How to complete this task:
Find the line containing "Leckere Low Carb" in the records below. Copy exactly that line and each one after it, ending at the line containing "鷹備品バンドル(まとめ) BUFFALO バッファロー", and nothing more.

(Data in this exercise Opens)

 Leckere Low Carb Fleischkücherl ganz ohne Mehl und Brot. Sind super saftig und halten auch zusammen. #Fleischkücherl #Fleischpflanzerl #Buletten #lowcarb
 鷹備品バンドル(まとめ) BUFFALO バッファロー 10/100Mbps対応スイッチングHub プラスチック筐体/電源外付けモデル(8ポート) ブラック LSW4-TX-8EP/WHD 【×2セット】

(Data in this exercise Closes)
(Data in this exercise Opens)

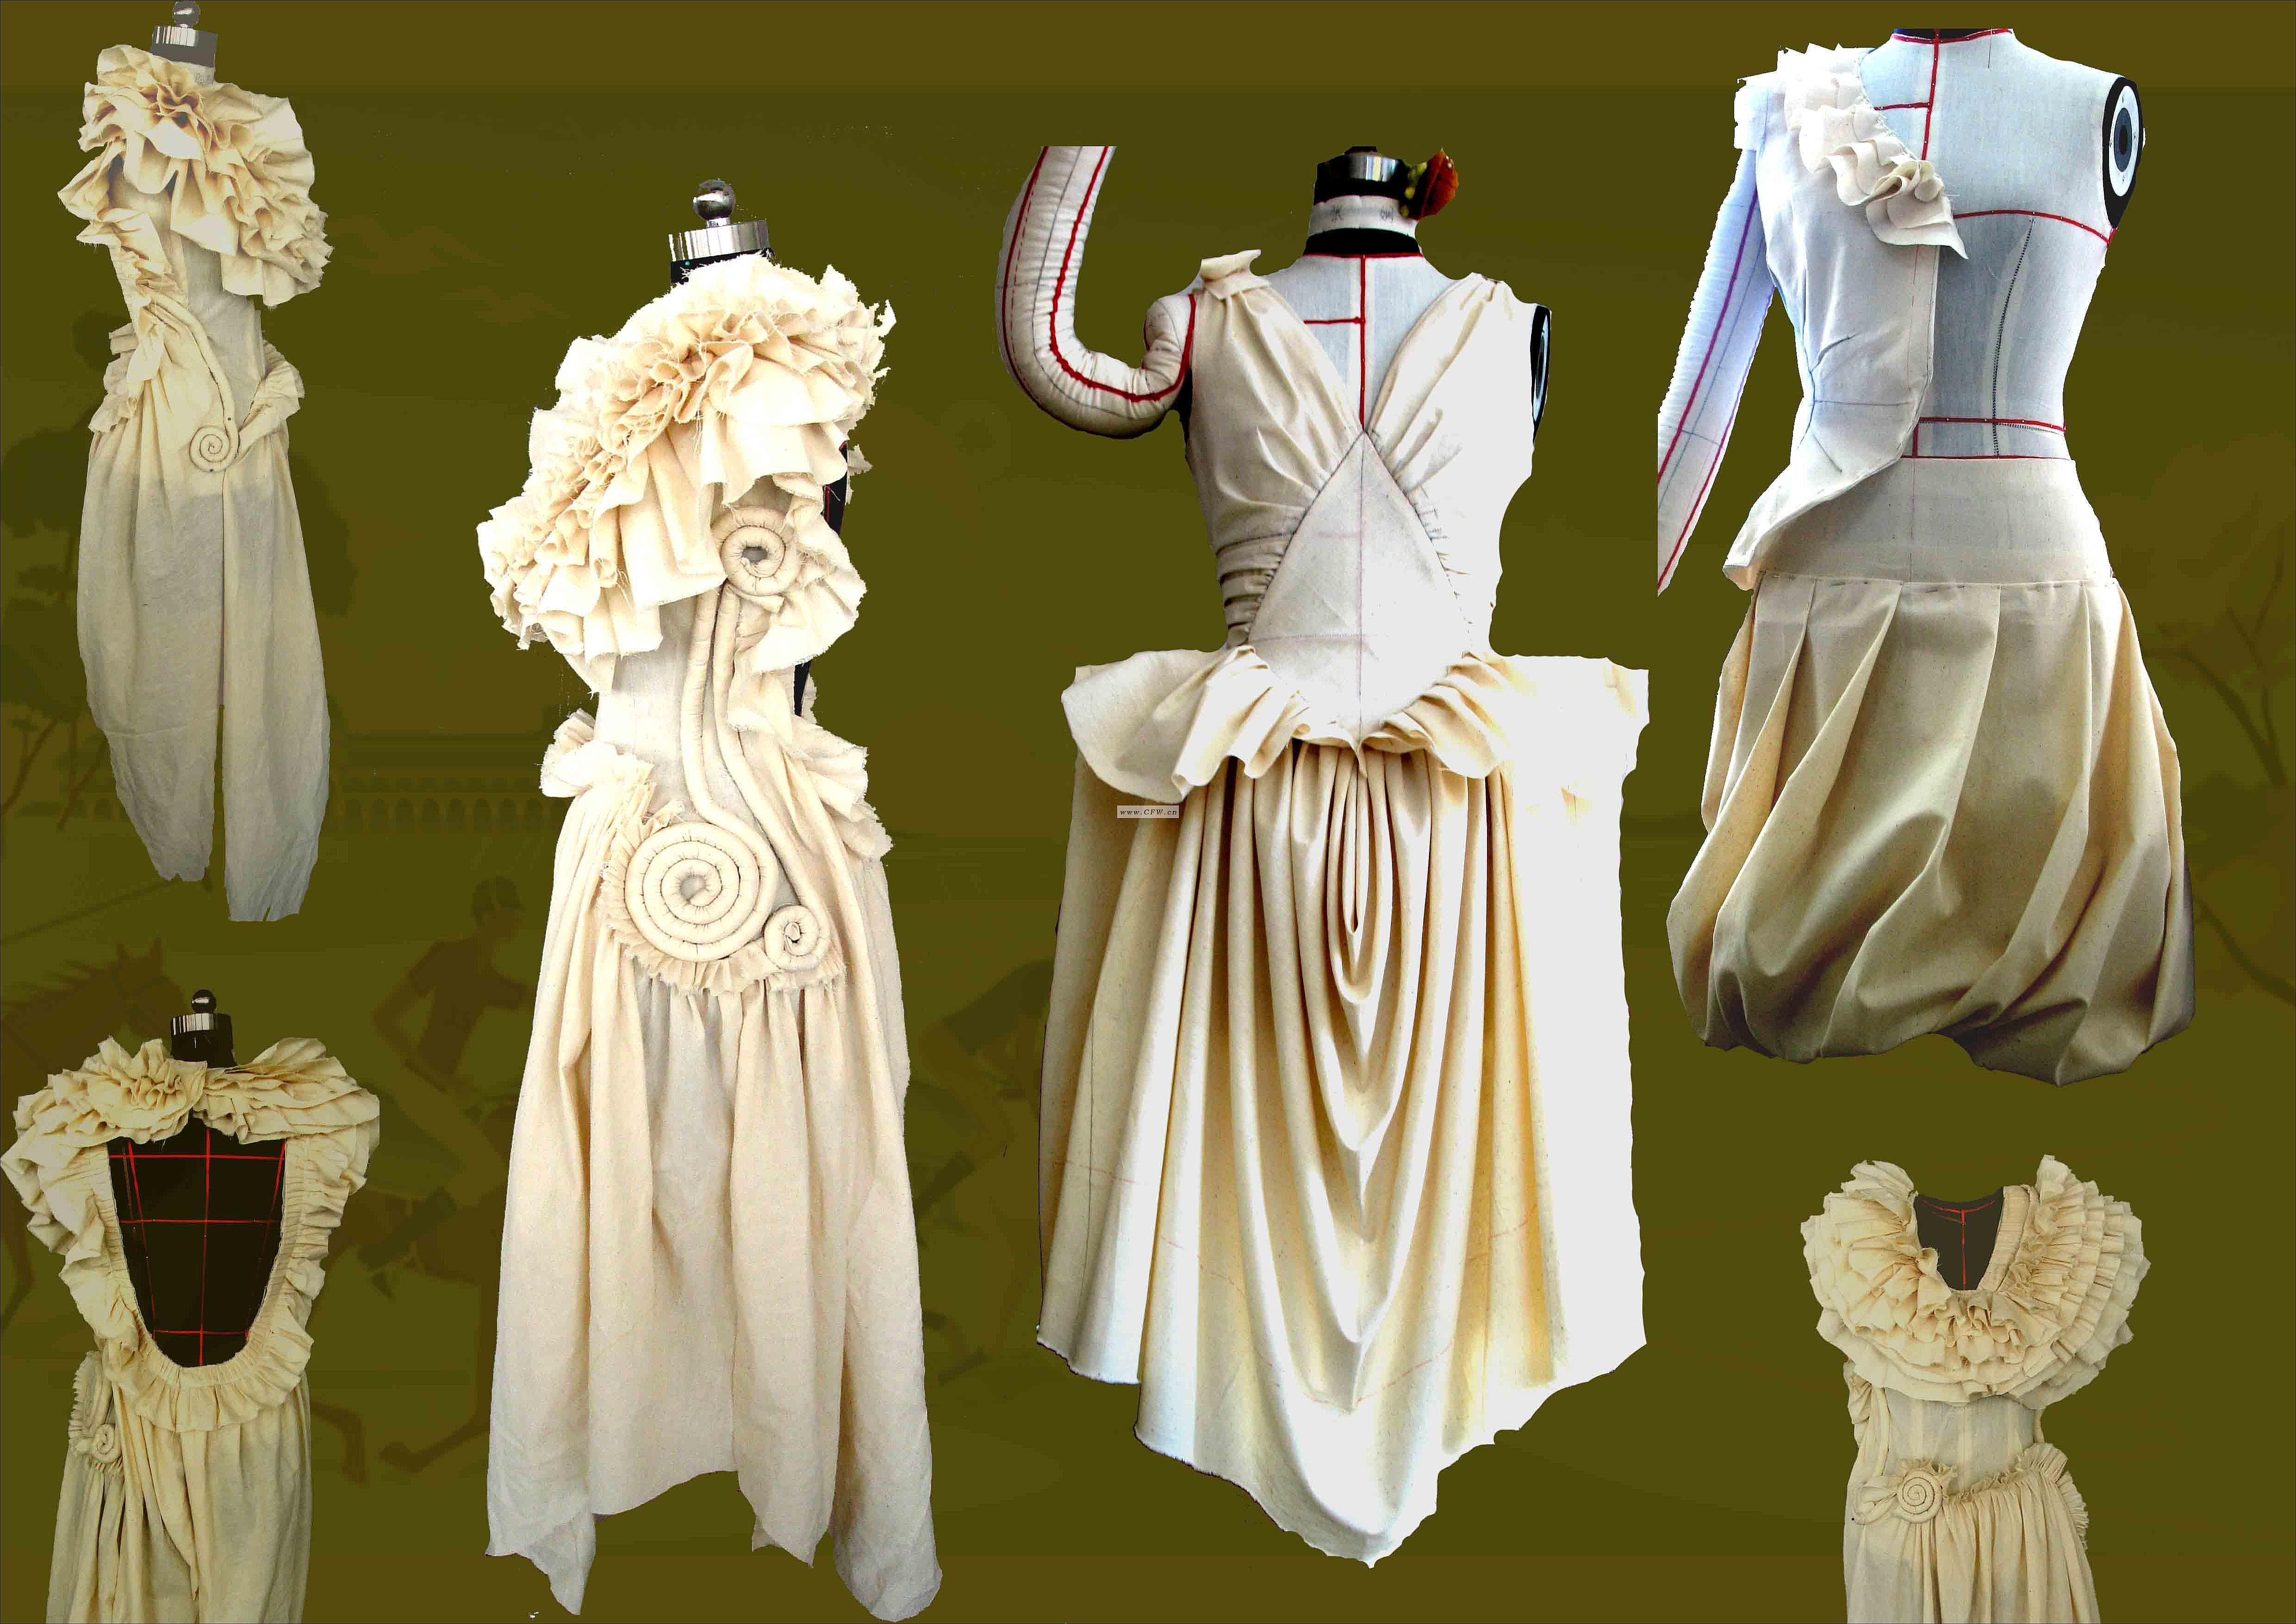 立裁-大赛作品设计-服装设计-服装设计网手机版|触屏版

(Data in this exercise Closes)
(Data in this exercise Opens)

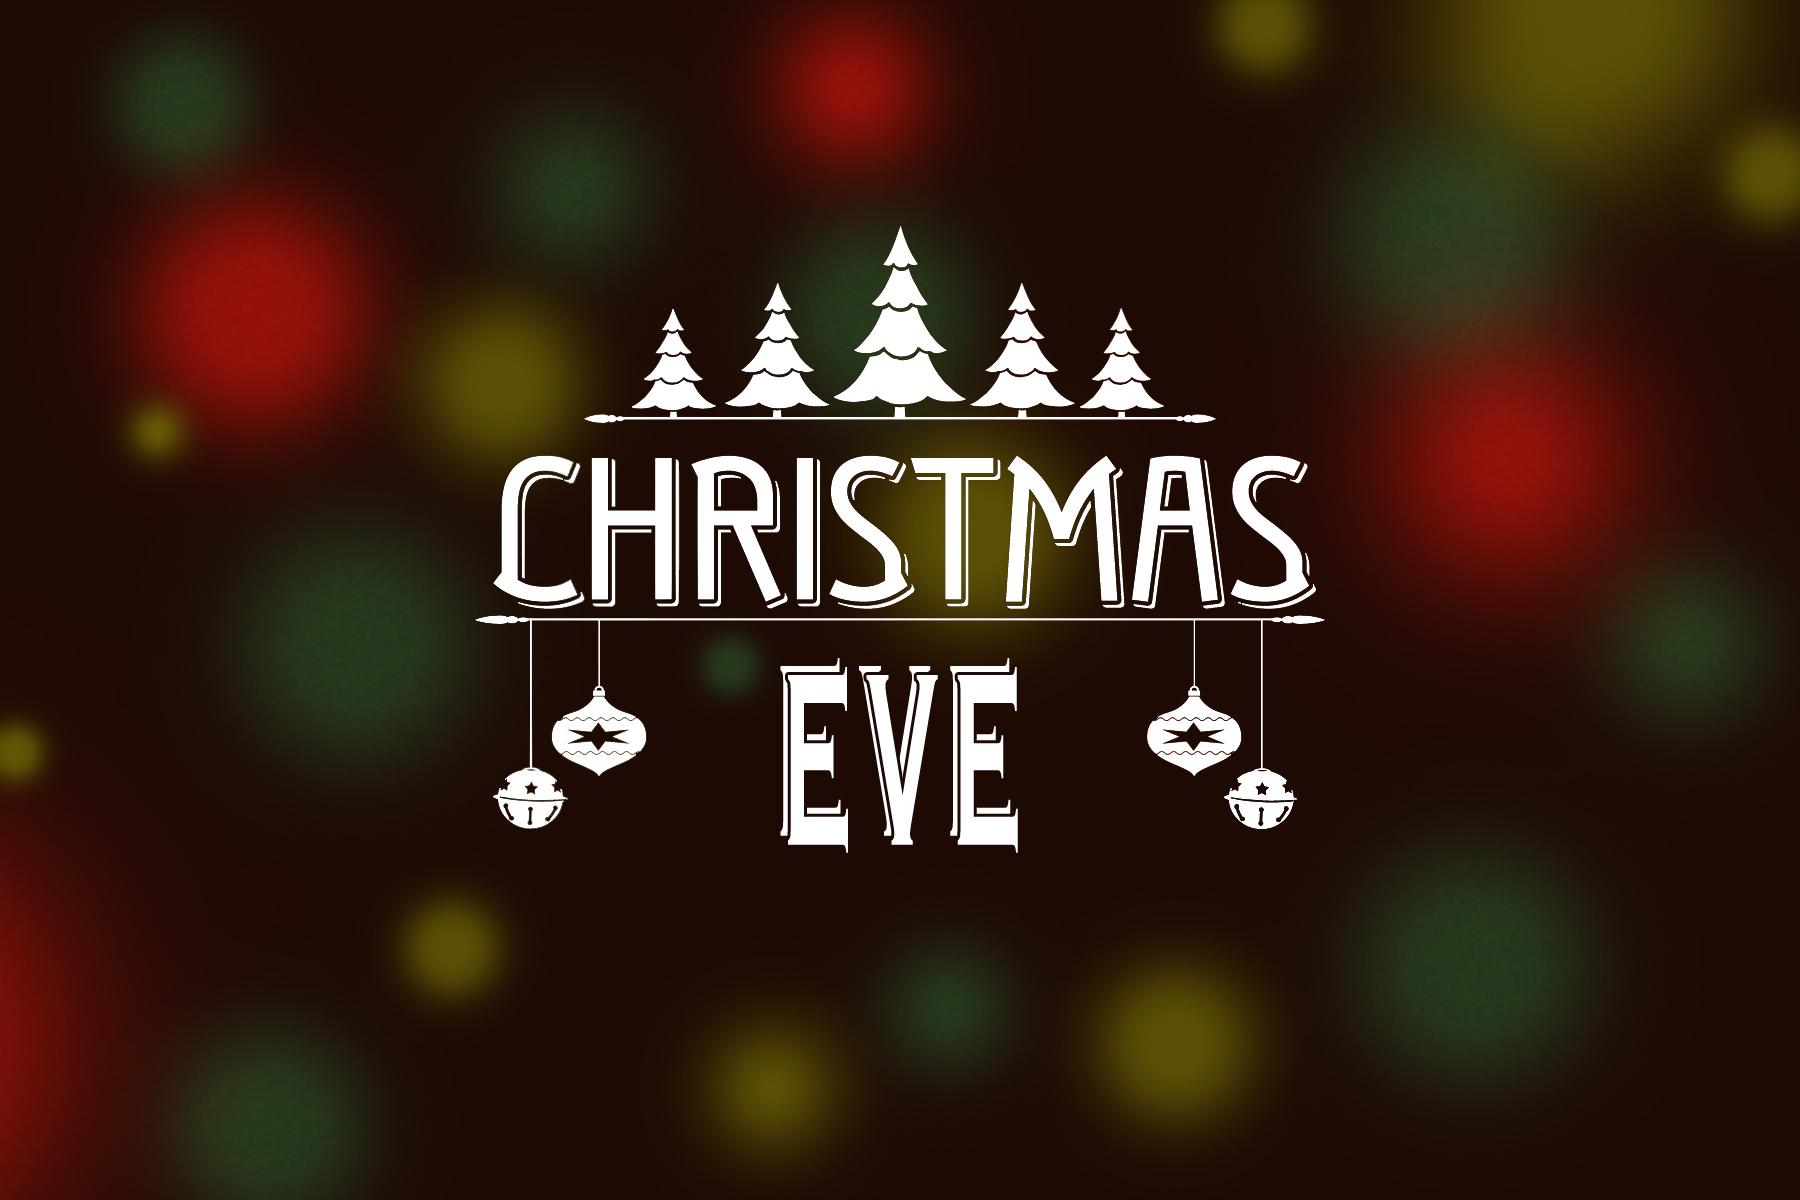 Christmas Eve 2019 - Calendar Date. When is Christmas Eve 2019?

(Data in this exercise Closes)

Exercise solution:
 Leckere Low Carb Fleischkücherl ganz ohne Mehl und Brot. Sind super saftig und halten auch zusammen. #Fleischkücherl #Fleischpflanzerl #Buletten #lowcarb
 鷹備品バンドル(まとめ) BUFFALO バッファロー 10/100Mbps対応スイッチングHub プラスチック筐体/電源外付けモデル(8ポート) ブラック LSW4-TX-8EP/WHD 【×2セット】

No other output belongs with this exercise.